→ Exercise description:
What is wanted is the line holding "Huts at swimming" and every later line through the end of the entries, set down exactly.

→ Data for analysis:
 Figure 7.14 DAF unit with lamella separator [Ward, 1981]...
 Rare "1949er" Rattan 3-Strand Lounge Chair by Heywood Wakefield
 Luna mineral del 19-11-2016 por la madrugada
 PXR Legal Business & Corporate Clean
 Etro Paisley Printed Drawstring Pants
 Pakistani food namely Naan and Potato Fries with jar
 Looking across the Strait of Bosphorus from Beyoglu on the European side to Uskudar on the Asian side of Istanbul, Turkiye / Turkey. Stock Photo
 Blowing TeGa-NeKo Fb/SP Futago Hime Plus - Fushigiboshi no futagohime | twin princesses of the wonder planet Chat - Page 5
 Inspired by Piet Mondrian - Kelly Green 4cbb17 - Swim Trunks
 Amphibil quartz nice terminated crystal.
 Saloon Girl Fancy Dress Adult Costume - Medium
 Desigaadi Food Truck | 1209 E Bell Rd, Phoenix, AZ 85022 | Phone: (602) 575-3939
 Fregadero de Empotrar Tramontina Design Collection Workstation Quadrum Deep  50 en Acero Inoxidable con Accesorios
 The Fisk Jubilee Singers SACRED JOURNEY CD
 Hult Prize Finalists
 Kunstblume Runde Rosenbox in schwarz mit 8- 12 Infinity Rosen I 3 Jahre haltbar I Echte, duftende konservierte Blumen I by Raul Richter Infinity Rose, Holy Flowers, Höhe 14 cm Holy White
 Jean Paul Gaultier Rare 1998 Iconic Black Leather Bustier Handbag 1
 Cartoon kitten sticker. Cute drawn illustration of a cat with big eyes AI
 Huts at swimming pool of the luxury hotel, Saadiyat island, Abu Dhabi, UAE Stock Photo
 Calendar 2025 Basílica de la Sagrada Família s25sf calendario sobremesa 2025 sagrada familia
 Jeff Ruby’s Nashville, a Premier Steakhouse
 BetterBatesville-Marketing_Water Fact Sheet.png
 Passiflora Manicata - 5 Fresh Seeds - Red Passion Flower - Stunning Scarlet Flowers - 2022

→ Task output:
 Huts at swimming pool of the luxury hotel, Saadiyat island, Abu Dhabi, UAE Stock Photo
 Calendar 2025 Basílica de la Sagrada Família s25sf calendario sobremesa 2025 sagrada familia
 Jeff Ruby’s Nashville, a Premier Steakhouse
 BetterBatesville-Marketing_Water Fact Sheet.png
 Passiflora Manicata - 5 Fresh Seeds - Red Passion Flower - Stunning Scarlet Flowers - 2022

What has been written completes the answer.